Why I no longer want to use WhatsApp.
Many of you are probably aware that, for a long time already, WhatsApp is owned by Facebook. To be precise: Facebook bought WhatsApp in 2014 (source). My faith in Facebook was never that great and in 2017 it didn’t get any better because it turned out that Facebook misled the EU during the approval process for the aquisition of WhatsApp. During that process, Facebook stated that they could not combine WhatsApp and Facebook accounts. However, in 2016 they combined the accounts to provide more relevant advertisements (source). That Facebook didn’t learn from the imposed fine of € 110 million needs little explanation (source, source). As if the selling of insight in personal behavior for advertising purposes wasn’t bad enough, it appeared that the data Facebook collected was abused to influence political campaigns. For that, they received a fine of $ 5 billion – reflecting the severity of their crime.
Enough background. I no longer want to contribute to the company. The choices I make have consequences and I am responsible for them. I am sorry I didn’t delete my WhatsApp and Facebook accounts earlier. I consequently have contributed (be it a little) to Facebook’s misconduct. The though of asking all my contacts to switch to Signal made me stick with WhatsApp. I chose for convenience instead my personal values. Hence this message: I stopped using WhatsApp, Facebook and Instagram.
What’s the alternative?
There’re quite a few alternative for WhatsApp (Telegram, Viber, etc.) but there’s one that stands out above all the others: Signal. The company behind Signal is non-profit organization. They have no advertisements and do not collect personal data. Their income comes solely from donations. These facts already sets them apart from all the other but there’s one thing that makes them really special: the have developed the Signal Protocol.
The Signal Protocol makes sure no one can intercept your messages while they are on their way to your friends (for example hackers, intelligence agencies, etc.). This is called end-to-end encryption. Signal made this protocol available for public use and made it so well, that it’s not just them who use it, WhatsApp and Telegram use it too, already for over 5 years.
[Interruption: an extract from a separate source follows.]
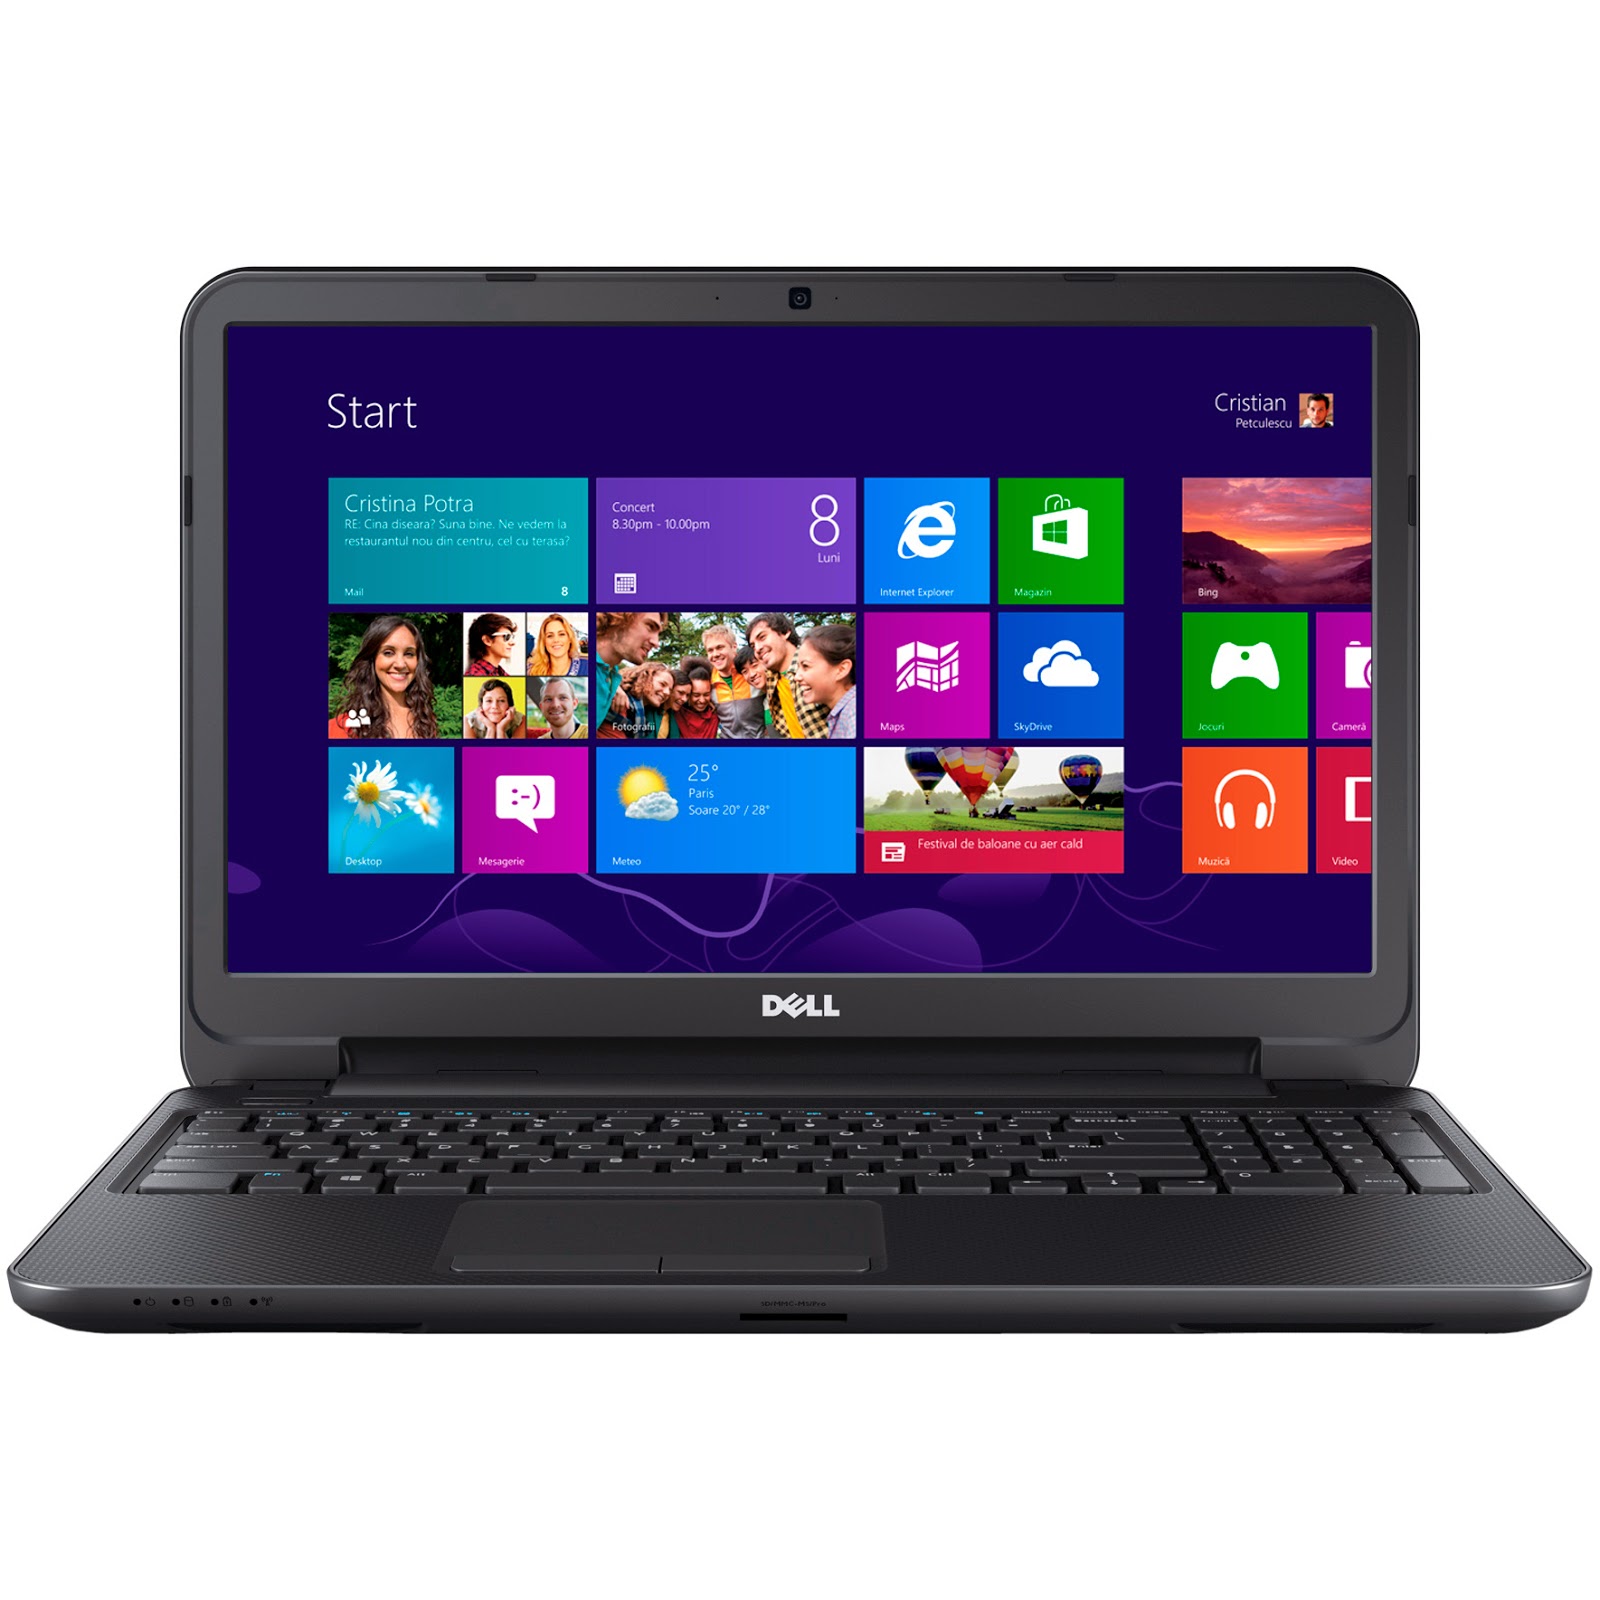 Mua Bán Laptop Dell Inspiron 3537corei3 Mới & Cũ Giá Rẻ Core i3 ~ Thế hệ 4  - (Thời Trang/SiêuMỏng/Giải Trí) - 15-inch

Now you might think “Why would I switch to Signal if WhatsApp and Telegram already make use of the Signal Protocol?”. Well, while on their way to the recipient your messages are secure, however, WhatsApp sends your metadata, which includes who you are having contact with, when and how often, to Facebook (source, and here you can read more about metadata). Theoretically, Facebook can also access your entire message history (source). I do not know whether Facebook reads your WhatsApp messages. Facebook does not provide any openness and therefore no one can check it. They ask you to have blind faith in them. I am no so much into blind faith, especially when it regards Facebook.
Signal doesn’t ask you to have faith in them. All their software is open source and public, which means that everyone can check whether they do what they say they do. Therefore you know for sure they do not secretly collect you data.
All in all, in almost every aspect Signal is the opposite of Facebook/WhatsApp and therefore it is a fantatic alternative for WhatsApp. There’s one thing they have in common: their Apps have the same feautures and are easy to use. Last year, great progress has been in Signal and there’re no longer features I miss. And the small difference in ease of use? That’s a price I pay wholeheartedly for no longer supporting Facebook.
Do you also switch to Signal?
Why I didn’t switch to Telegram.
Telegram, as opposed to Signal, doesn’t provide full openness about their software. You have to have faith in them. Moreover, Telegram says they are non-profit, however, their choices do not seem to reflect that. Instead of being a non-profit organisation, they are enrolled as commercial business and they do not provide openness nor do they explain where they get their money from.